[Opening Data shown section]
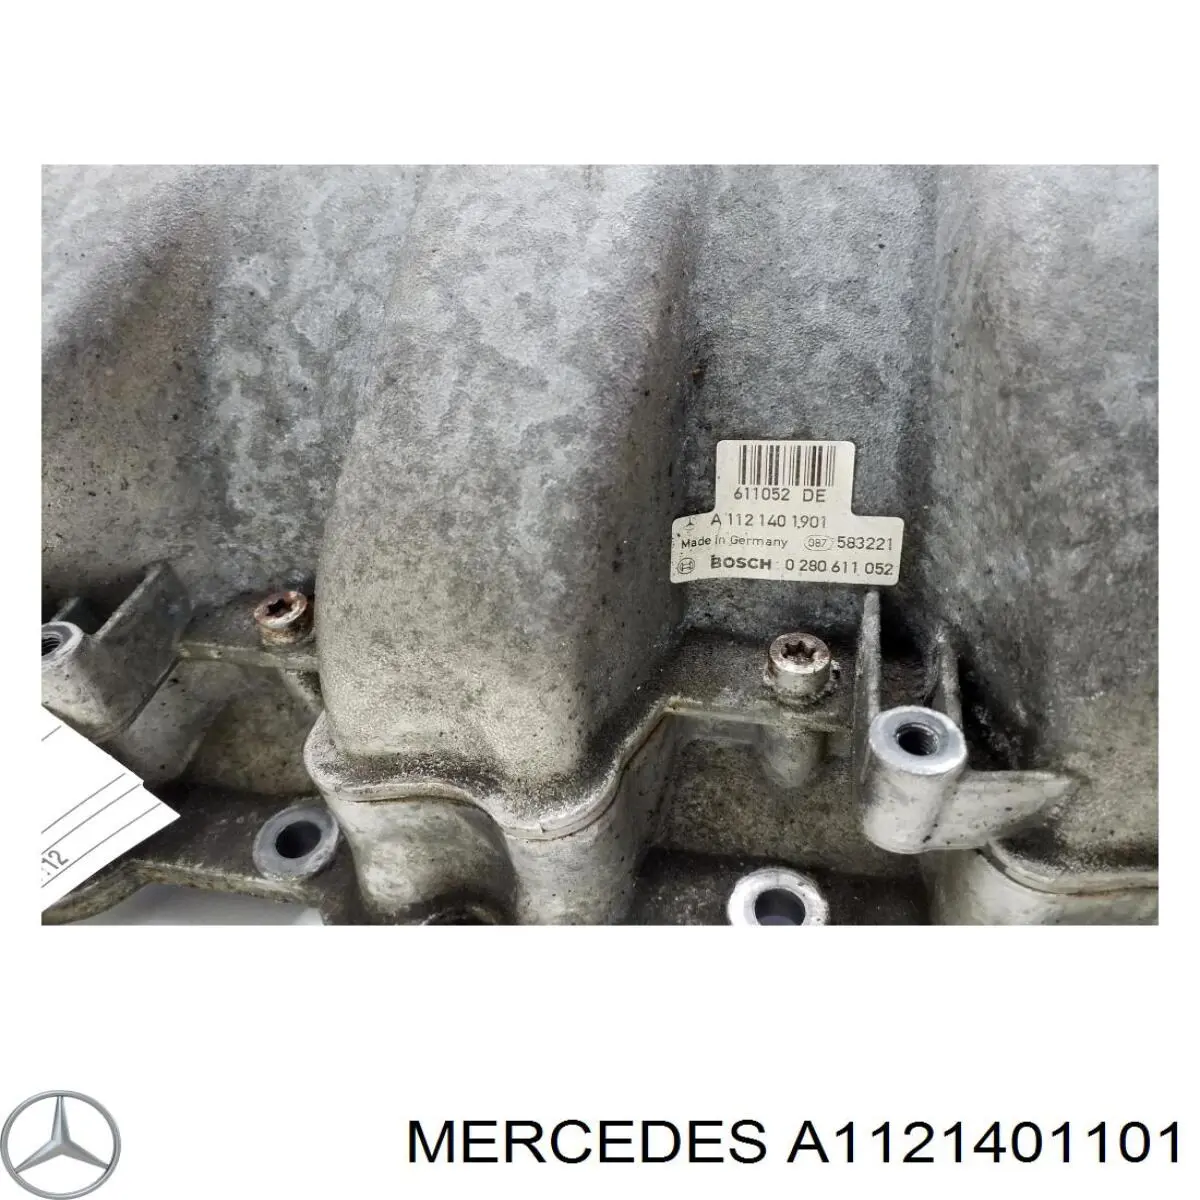 A1121402101 Mercedes colector de admisión
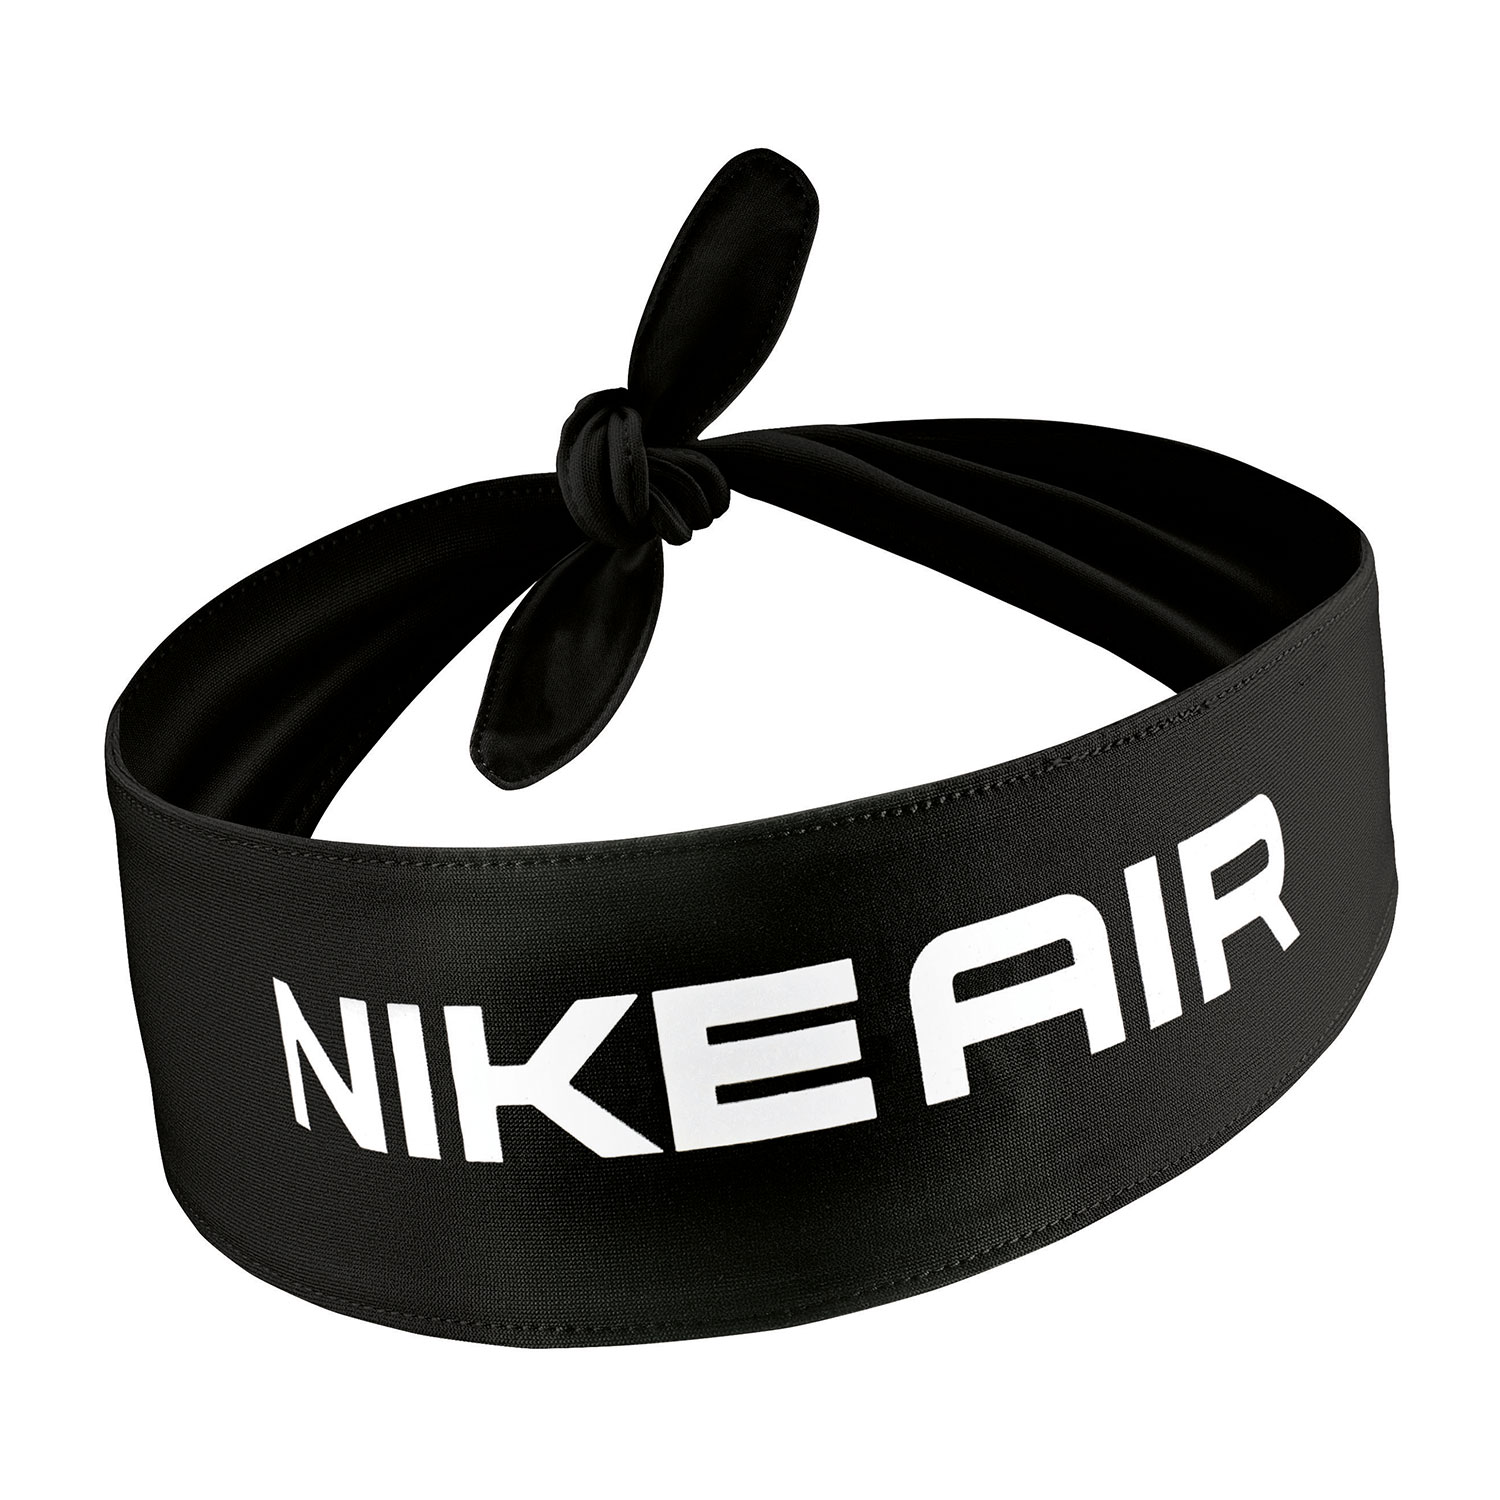 Nike Skinny Air Graphic Headband - Black/White
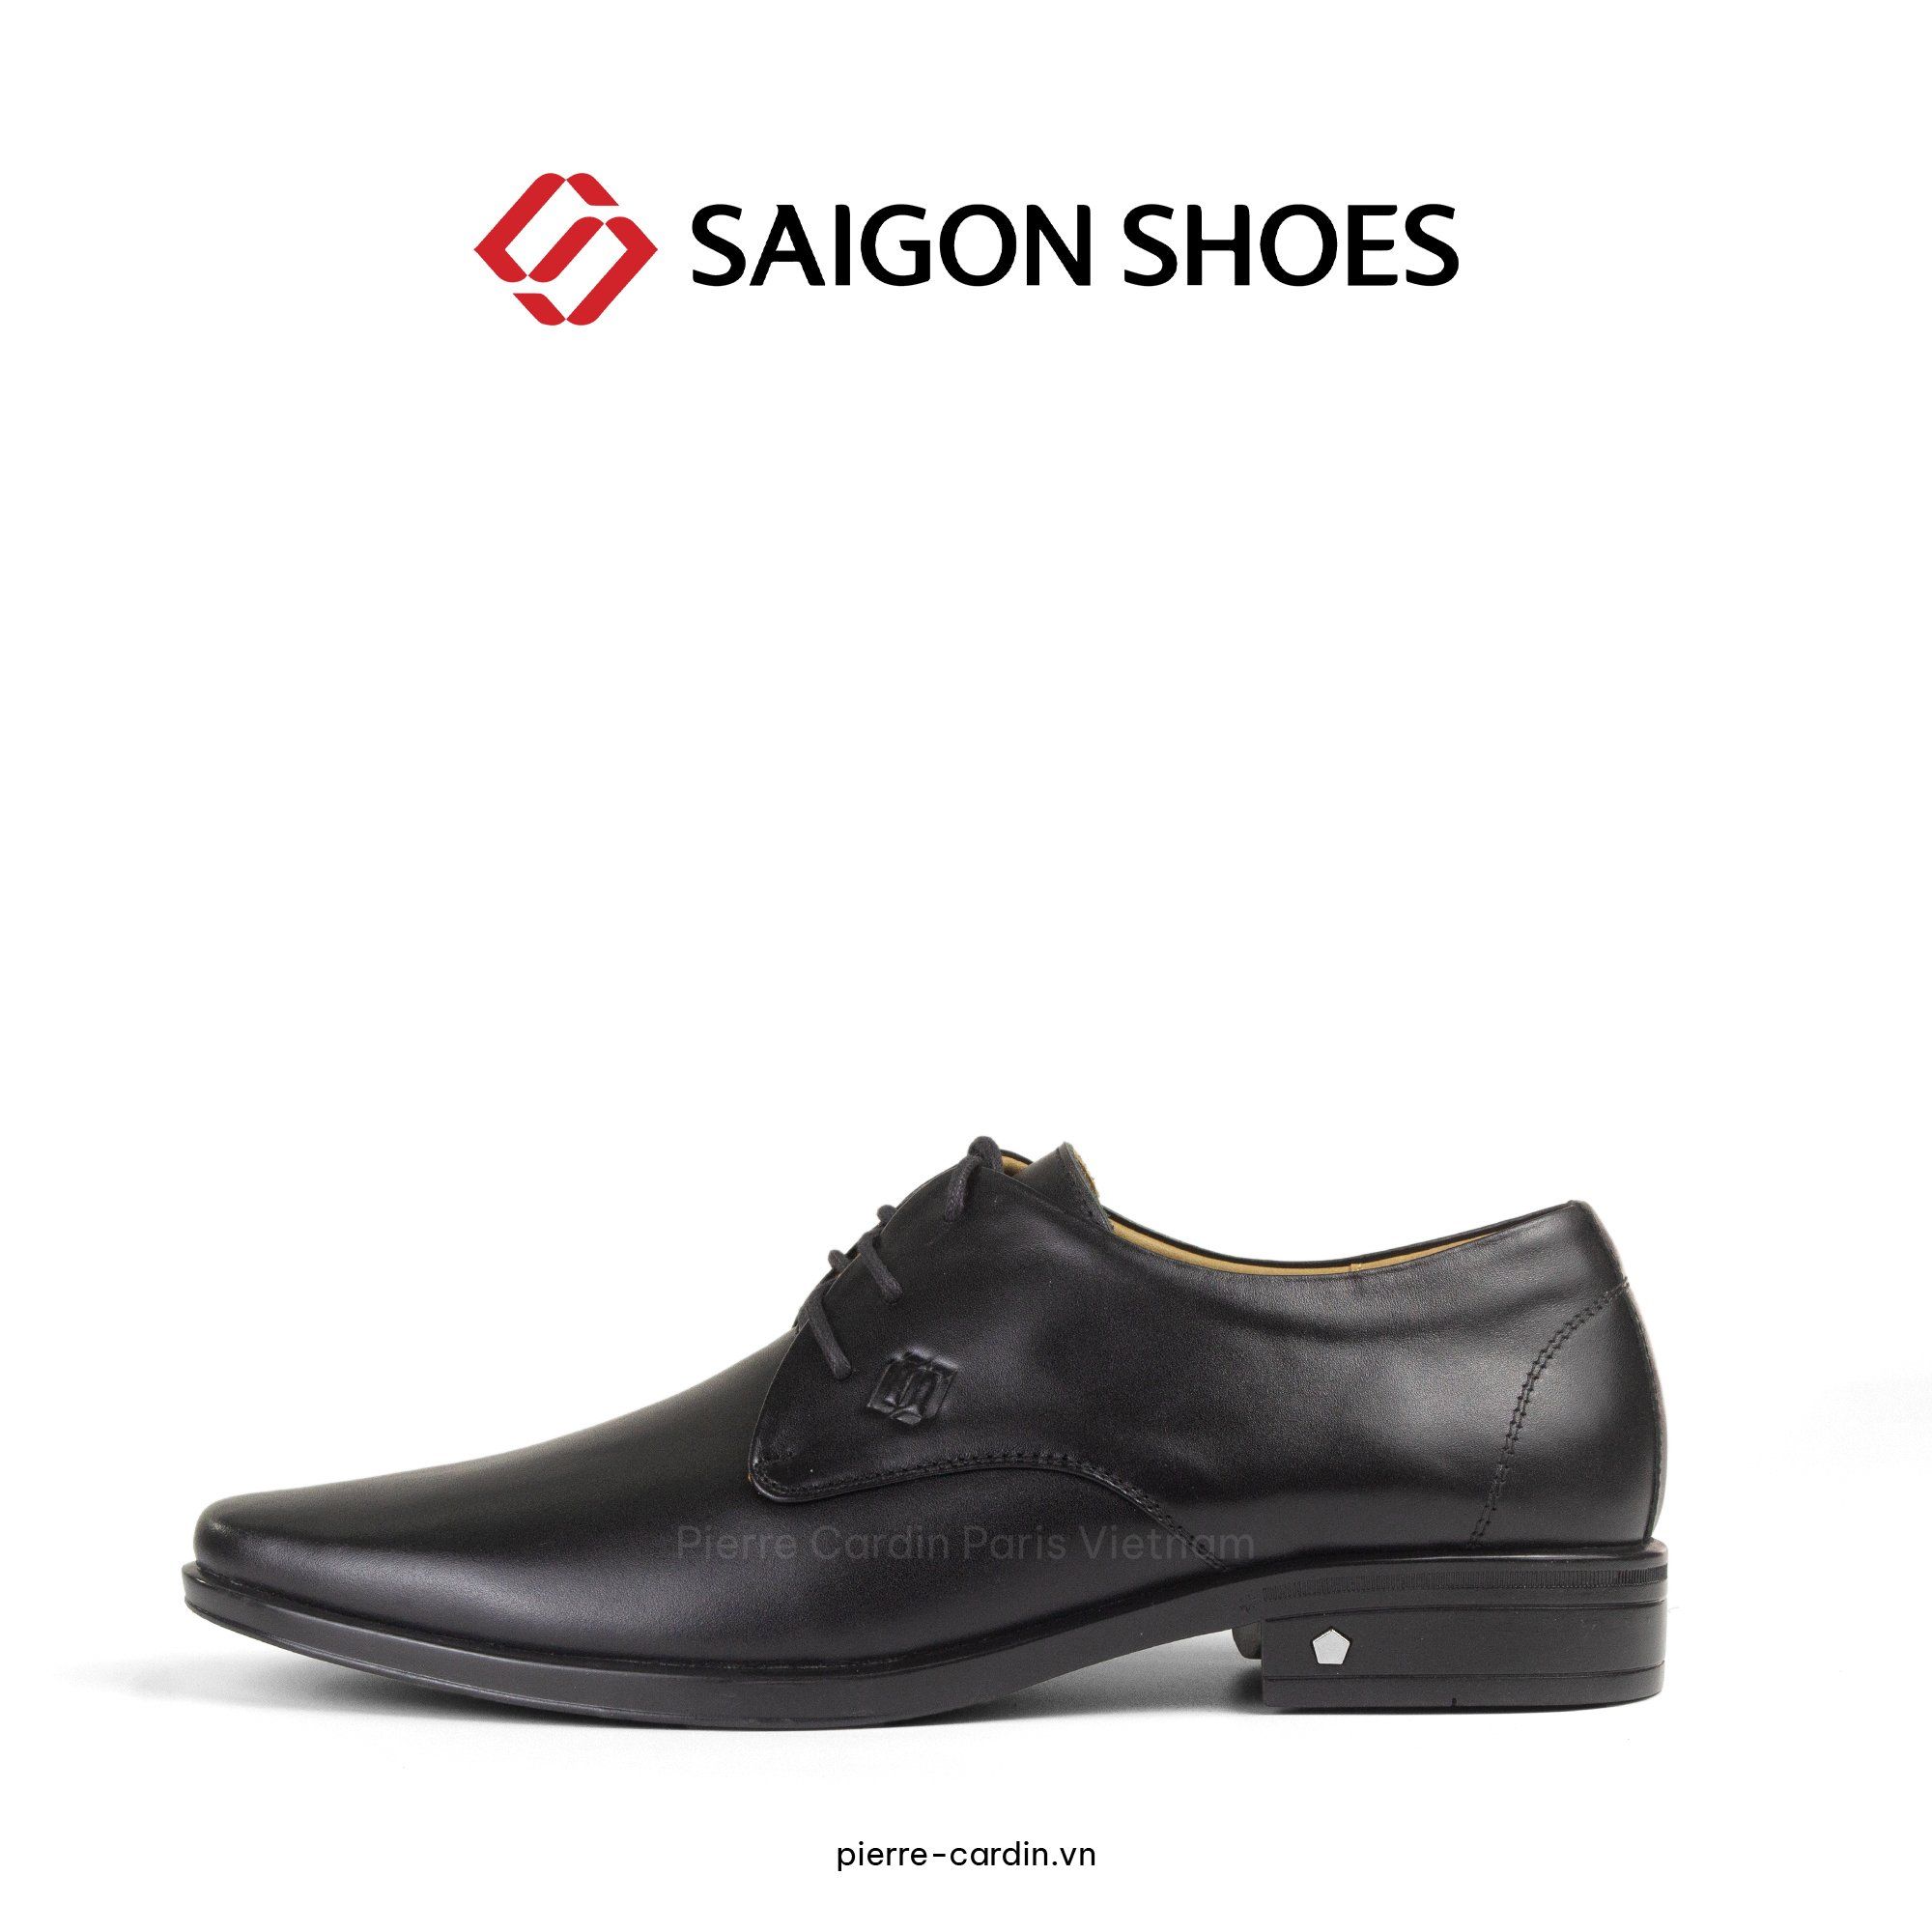 Pierre Cardin Paris Vietnam: Giày Derby Saigon Shoes - SGMFWLH 011
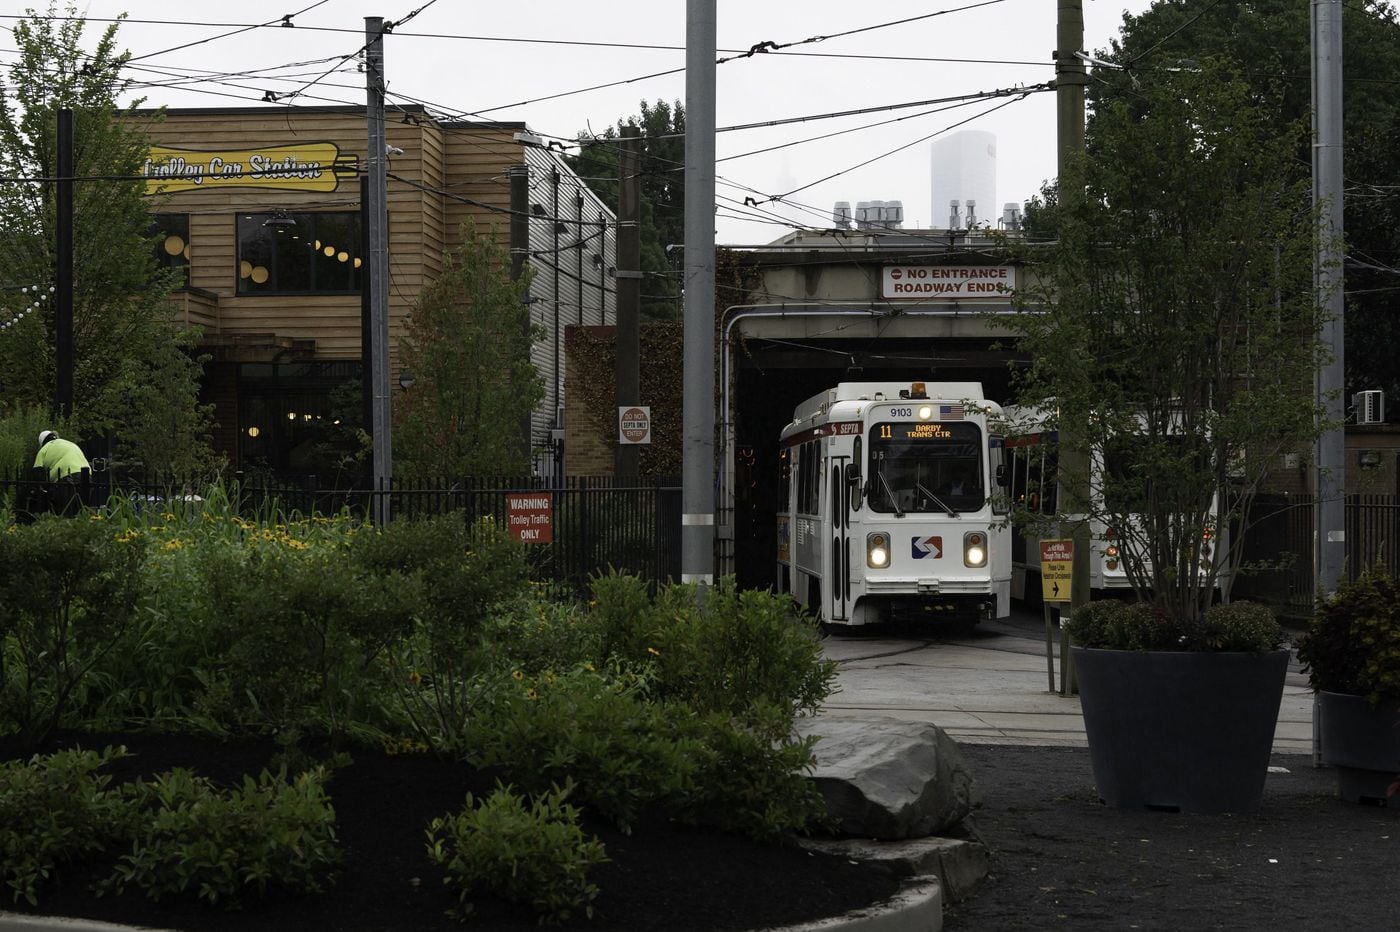 Trolleys in the garden: New landscape and cafe transform bleak West Philly junction | Inga Saffron
[Closing Data shown section]
### Exercise description
The lines above should be transcribed exactly, with every image removed.

### Answer to this exercise
 A1121402101 Mercedes colector de admisión
 Nike Skinny Air Graphic Headband - Black/White
 Pierre Cardin Paris Vietnam: Giày Derby Saigon Shoes - SGMFWLH 011
 Trolleys in the garden: New landscape and cafe transform bleak West Philly junction | Inga Saffron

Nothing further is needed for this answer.